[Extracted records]
• • • •

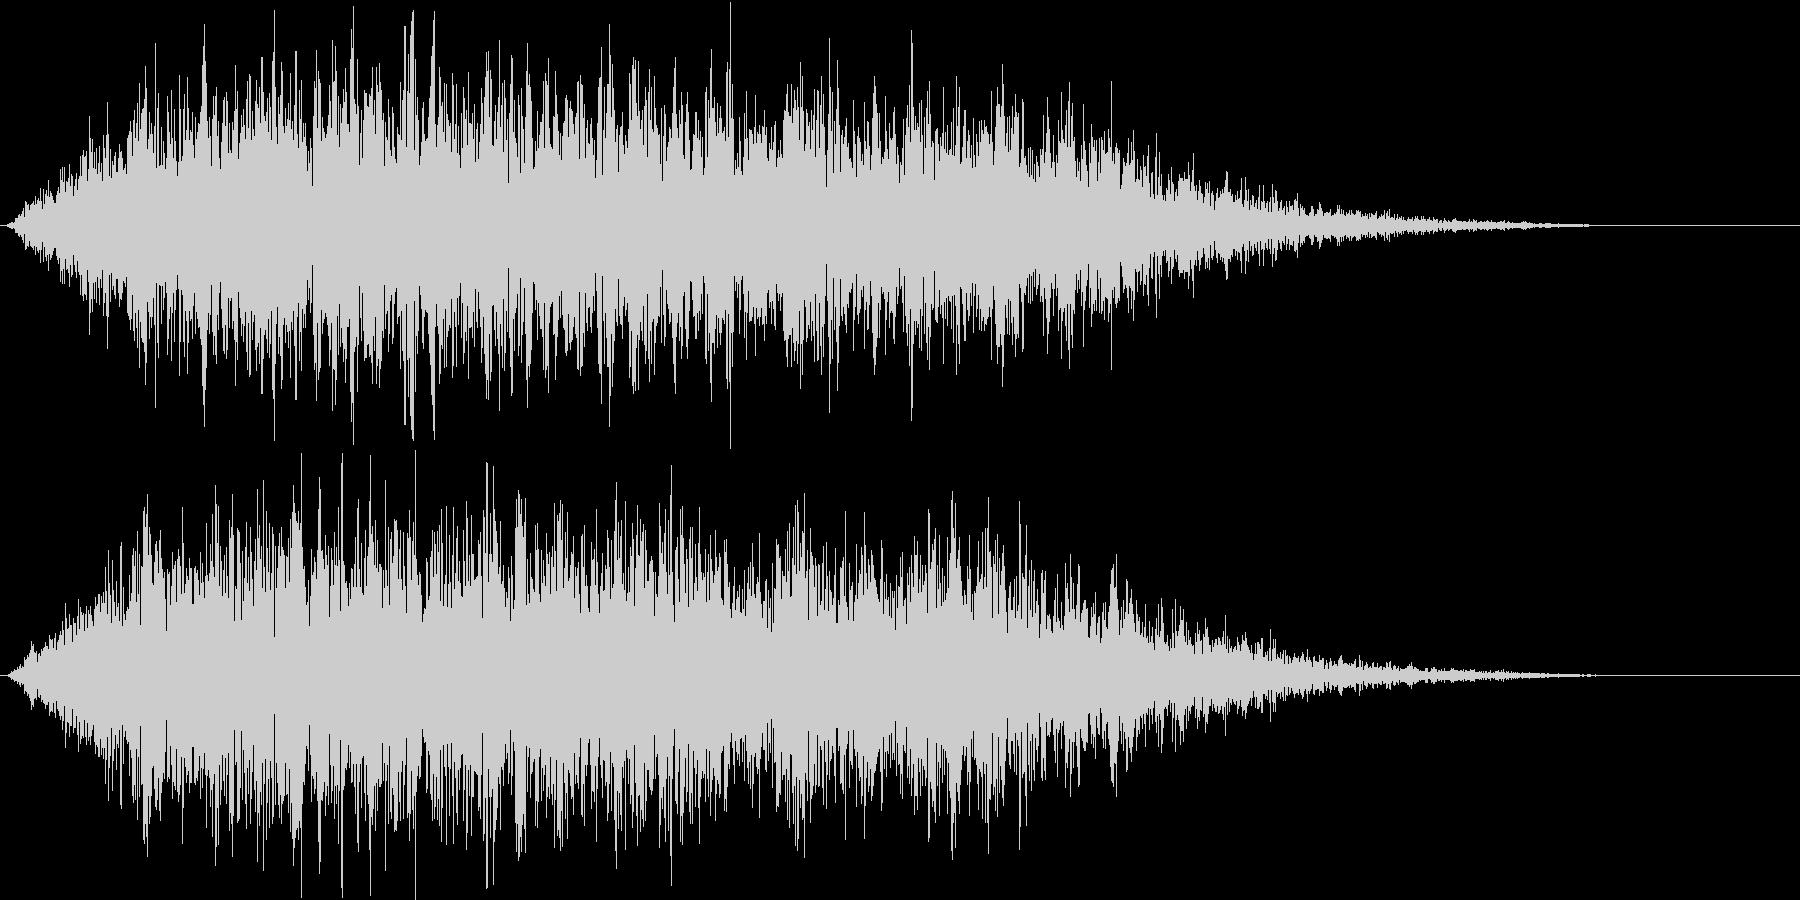 ゴォォォォォ(地下通路の効果音)の未再生の波形
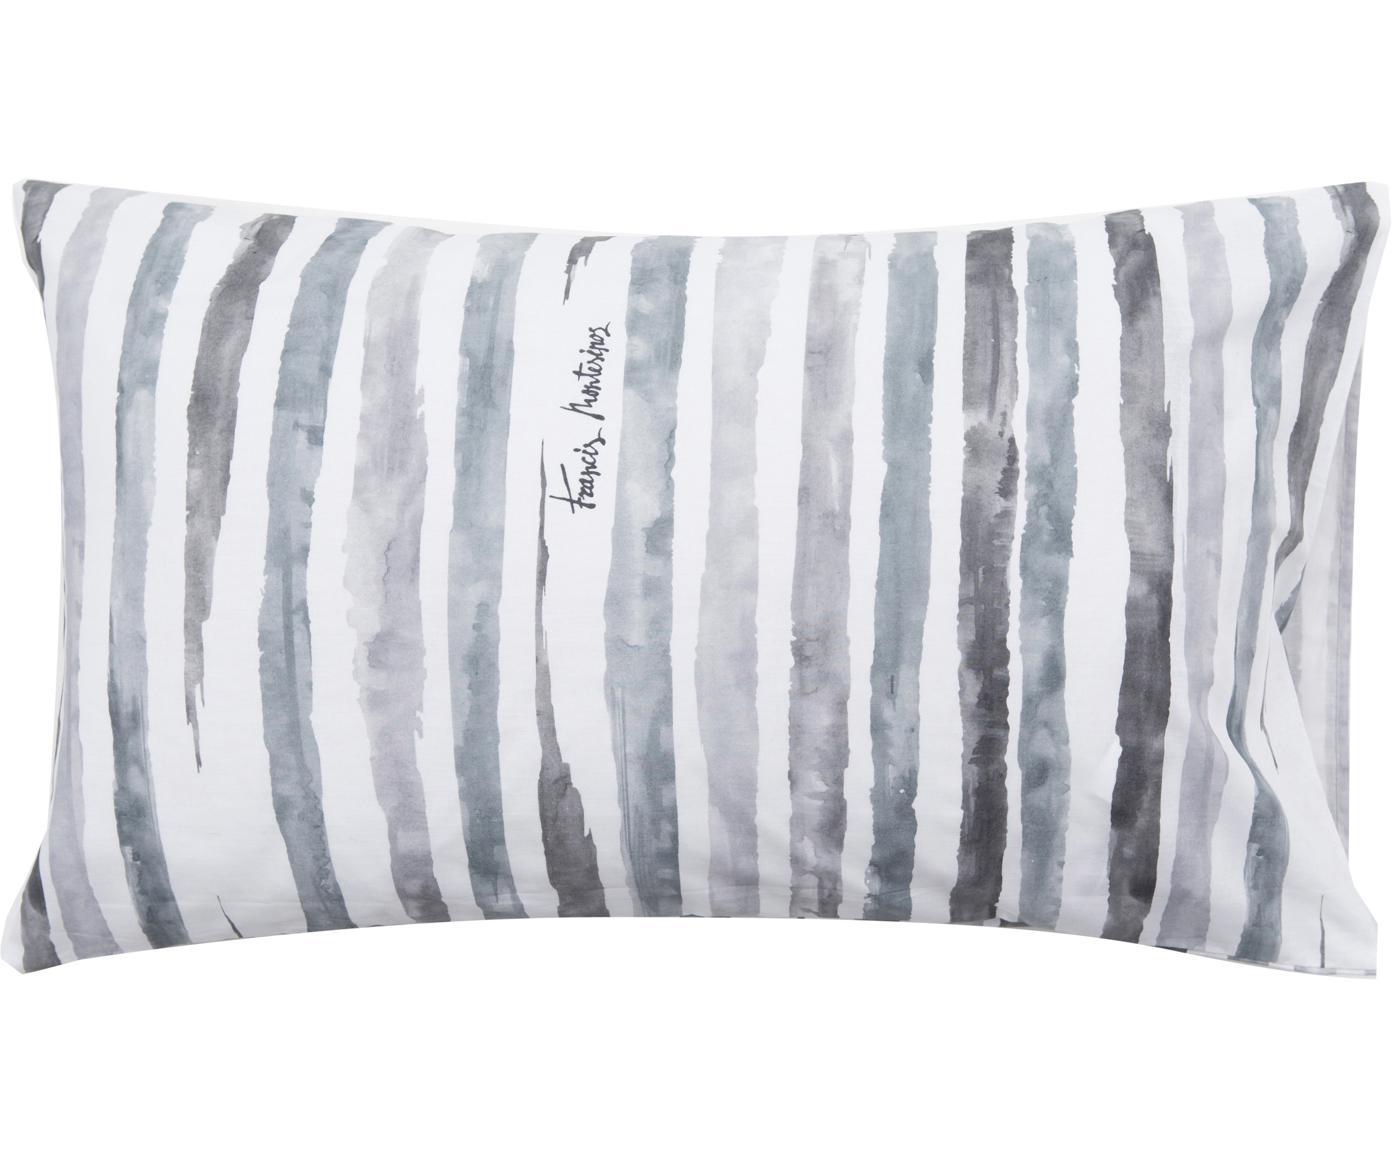 Fundas de almohada Capri, 2uds., Algodón, Blanco, tonos de gris, An 50 x L 80 cm
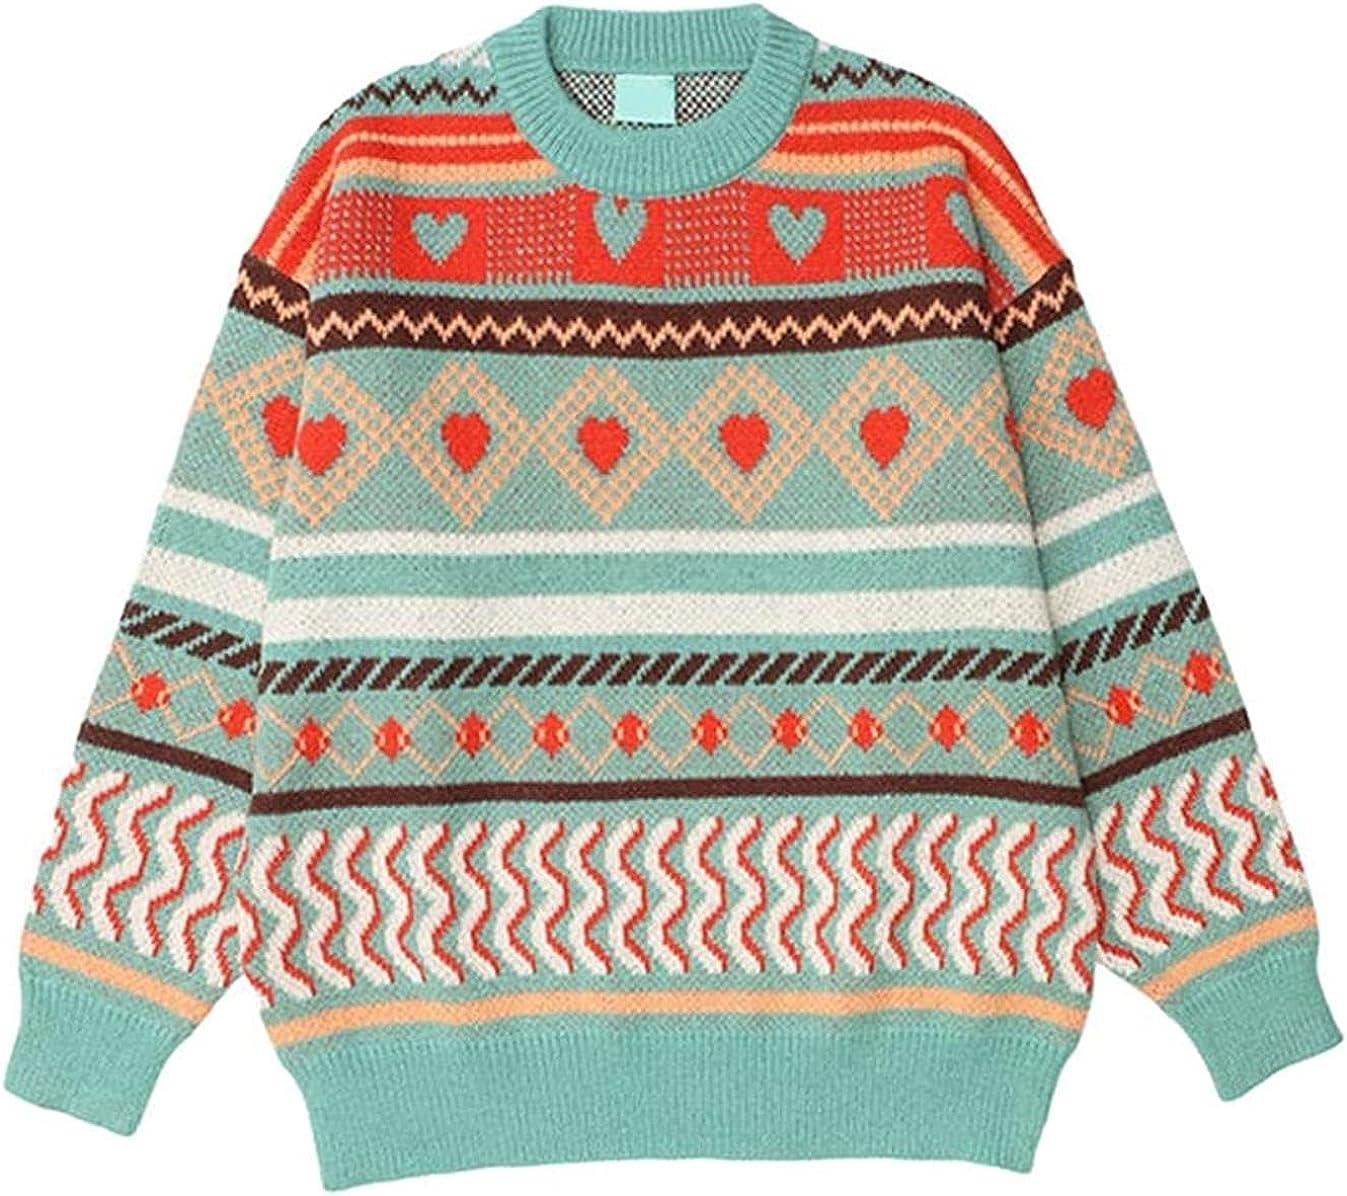 JOAOL Geometric Knitwear Men Women Sweaters Round Neck Pullover Sweater Lovers Clothing
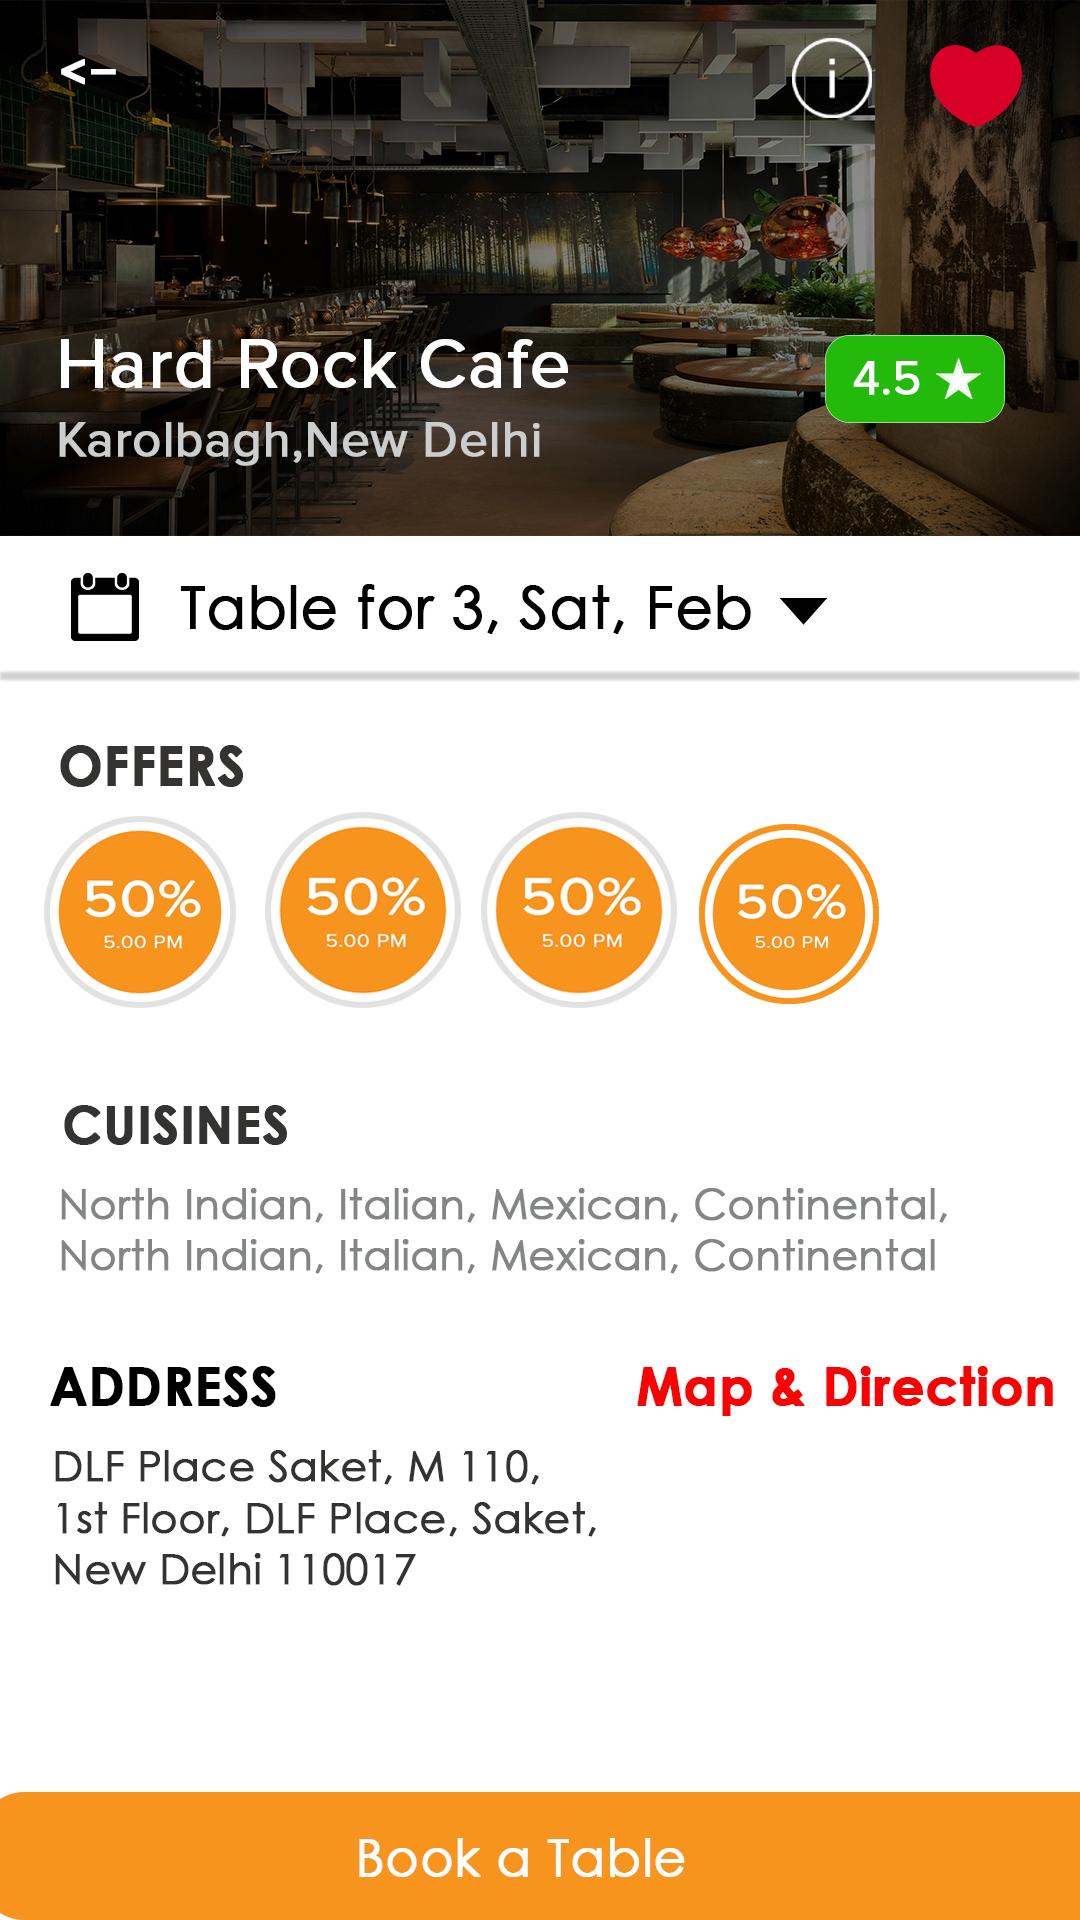 Krave On #Restaurants realtime offers realtimeoffers . foodoffers restaurantoffers Food  homedelivery app realtime offer application
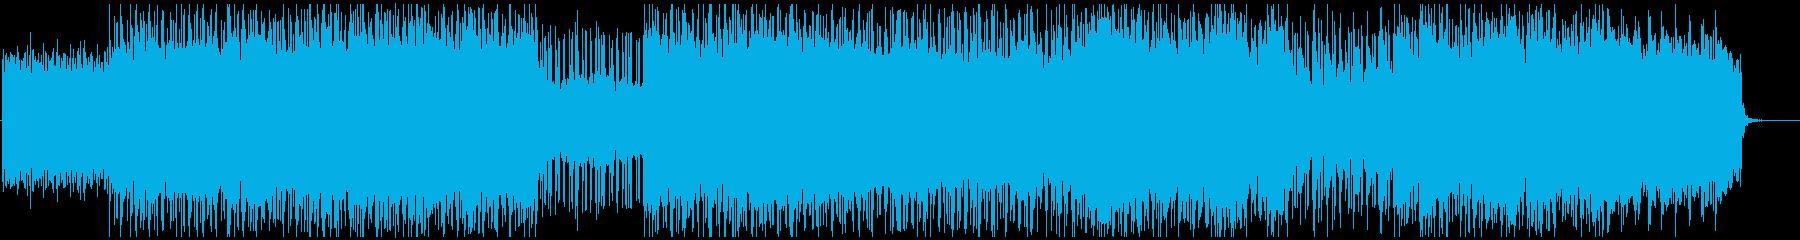 宇宙-IT-幻想的なエレクトロニカの再生済みの波形

• • • •

_Work request_
For the data above, return an exact copy that contains no pictures.

_Response_
 ゴォォォォォ(地下通路の効果音)の未再生の波形
 Fundas de almohada Capri, 2uds., Algodón, Blanco, tonos de gris, An 50 x L 80 cm
 JOAOL Geometric Knitwear Men Women Sweaters Round Neck Pullover Sweater Lovers Clothing
 Krave On #Restaurants realtime offers realtimeoffers . foodoffers restaurantoffers Food  homedelivery app realtime offer application
 宇宙-IT-幻想的なエレクトロニカの再生済みの波形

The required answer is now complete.